I swapped mine out at 60,000 miles, To amsoil synchromesh, I really never noticed a difference, Unless its below 0


----------



## obermd (Mar 3, 2012)

I suspect the ECO MT will be have the most noticable difference - we have the largest changes in gear ratios.


----------



## jblackburn (Apr 14, 2012)

If you live somewhere it doesn't get below 20F often in the winter, skip the Syncromesh and go straight for the Amsoil 75W-90. The Syncromesh definitely helps, but did leave me with clunky 1-2-3 changes at times and a 1-2 grind. The 75-90 fluid shifts so amazingly well when temps are above freezing (and only takes ~1 minute of driving to warm up at really cold temps) that I wish I had done it sooner. 


Sent from Bill the WonderPhone


----------



## Merc6 (Jun 8, 2013)

unitednations191 said:


> I swapped mine out at 60,000 miles, To amsoil synchromesh, I really never noticed a difference, Unless its below 0


How much was put back in? I had a dealership do mine and they didn't fill 2.5 like asked.
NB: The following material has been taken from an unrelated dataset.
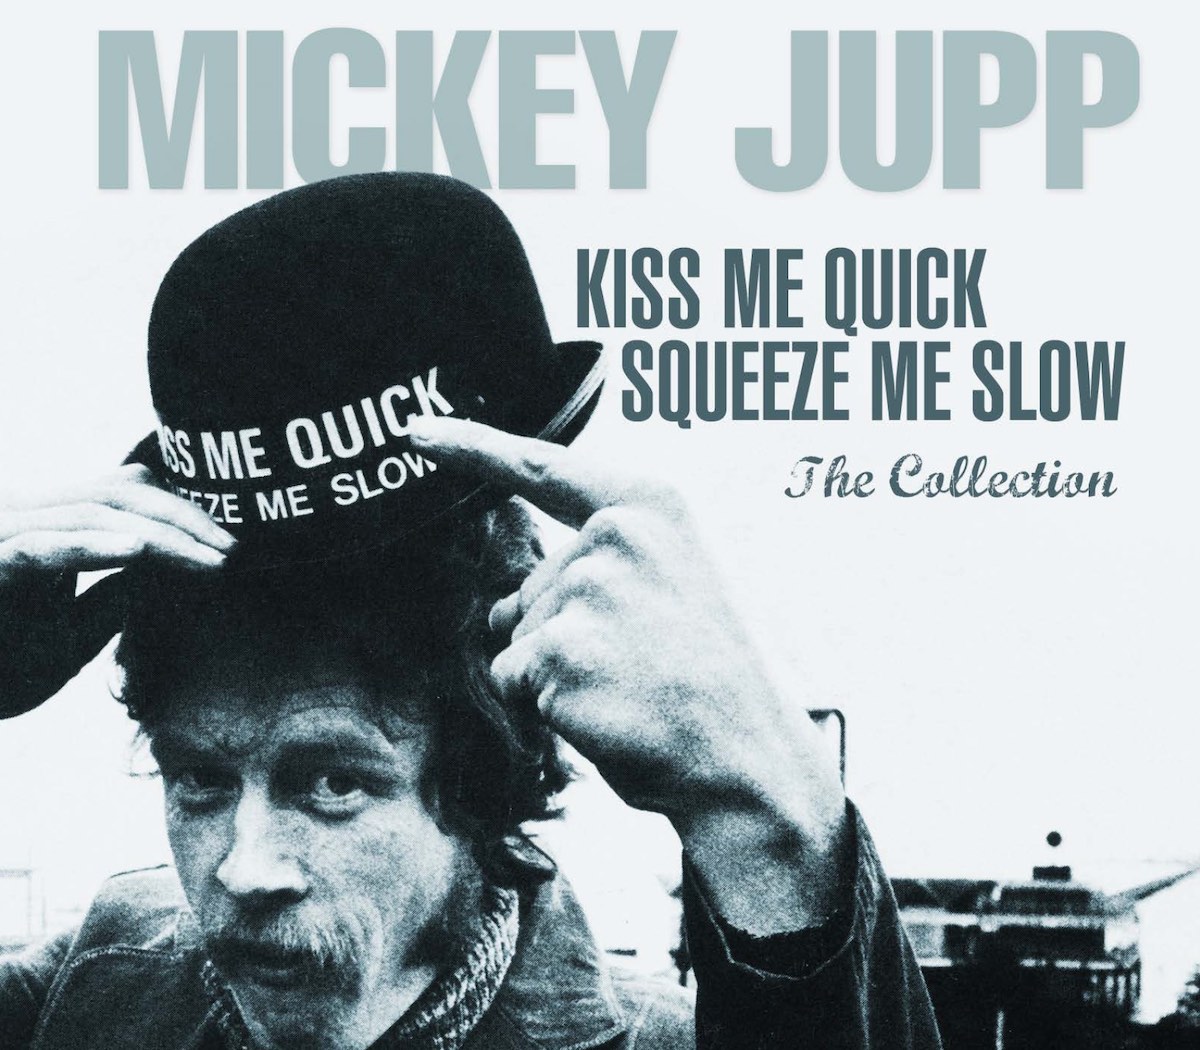 Kiss Me Quick, Squeeze Me Slow - The Collection
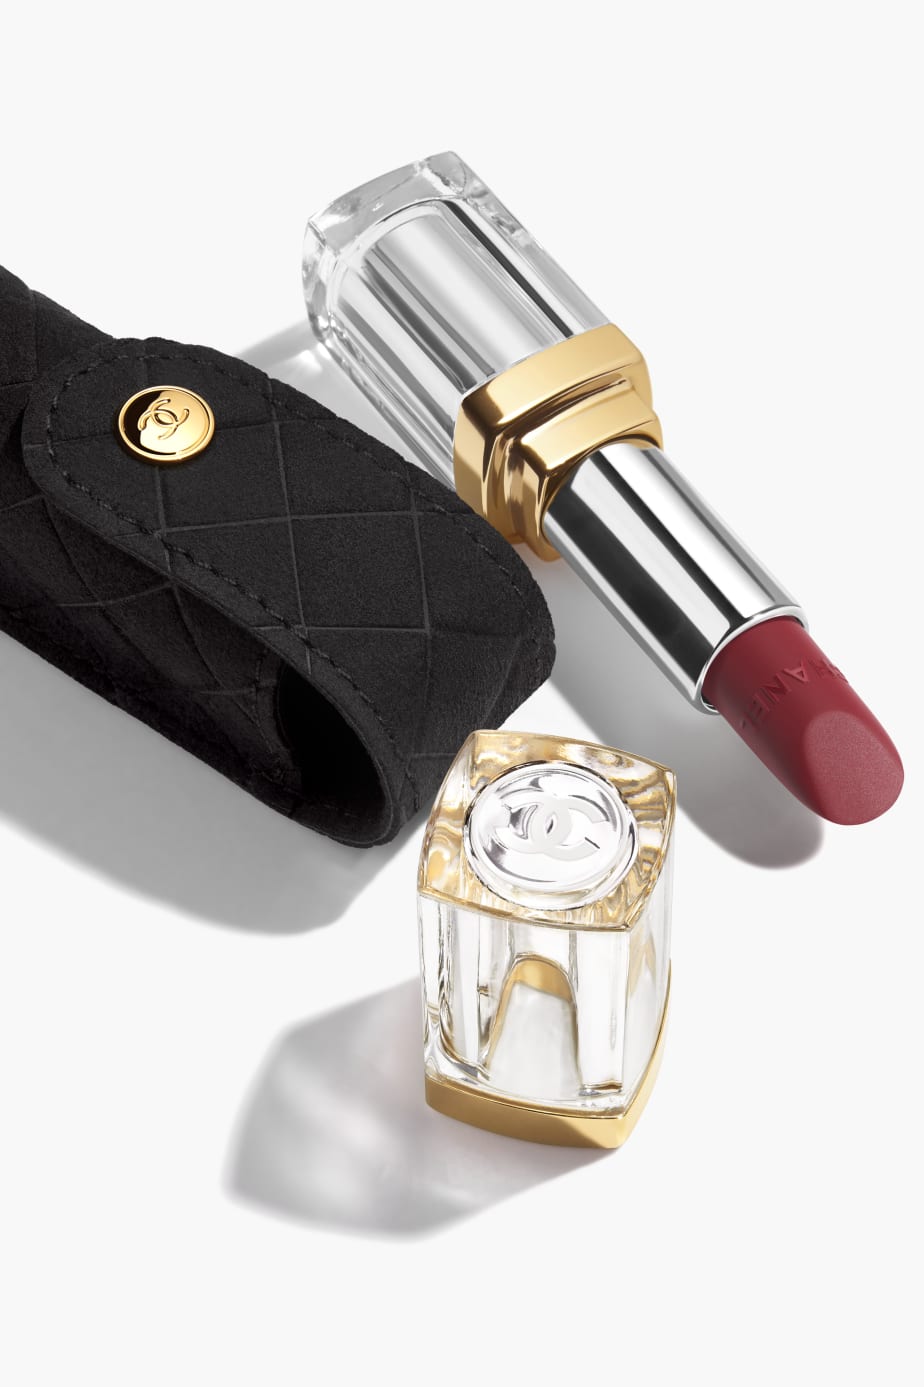 Son CHANEL 31 Le Rouge #9 Rouge Tailleur - Raspberry

When I asked where the rest of the 3 bottles was, I ended up getting a full bottle back. 


jblackburn said:


> If you live somewhere it doesn't get below 20F often in the winter, skip the Syncromesh and go straight for the Amsoil 75W-90. The Syncromesh definitely helps, but did leave me with clunky 1-2-3 changes at times and a 1-2 grind. The 75-90 fluid shifts so amazingly well when temps are above freezing (and only takes ~1 minute of driving to warm up at really cold temps) that I wish I had done it sooner.
> 
> 
> Sent from Bill the WonderPhone


I'm also running this over syncromesh as I am tuned and always shifting the bejesus out of my car. One day we should have someone ride shotgun and count how many times the shifter moves. 

Sent from my iFail 5s


----------



## USAFRCruzer (Aug 10, 2014)

Is this the stuff y'all are talking about?

AMSOIL Manual Transmission & Transaxle Gear Lube 75W-90

And about how many miles is the "break-in period" considered to be where I should do my first fluid (oil and MT fluid) change?


----------



## jblackburn (Apr 14, 2012)

Yessir, that's it. 

I'd do the first oil change around 3-4000 miles, your choice to do this at the same time


Sent from Bill the WonderPhone


----------



## Merc6 (Jun 8, 2013)

jblackburn said:


> Yessir, that's it.
> 
> I'd do the first oil change around 3-4000 miles, your choice to do this at the same time
> 
> ...


Yeah my engine oil went out 4k as well and with the axle recalls I avoided swapping manual till it was all done. So far my trans fluids were drained 3 times in 25,000 miles for axles and cv boot before I swapped to amsoil linked above. 


Sent from my iFail 5s


----------



## Vetterin (Mar 27, 2011)

Do you think I'd be safe using the 75W-90 here in Chicago? Even though my shifts still seem fine, I'm at 60,000 now and probably due.


----------



## jblackburn (Apr 14, 2012)

Vetterin said:


> Do you think I'd be safe using the 75W-90 here in Chicago? Even though my shifts still seem fine, I'm at 60,000 now and probably due.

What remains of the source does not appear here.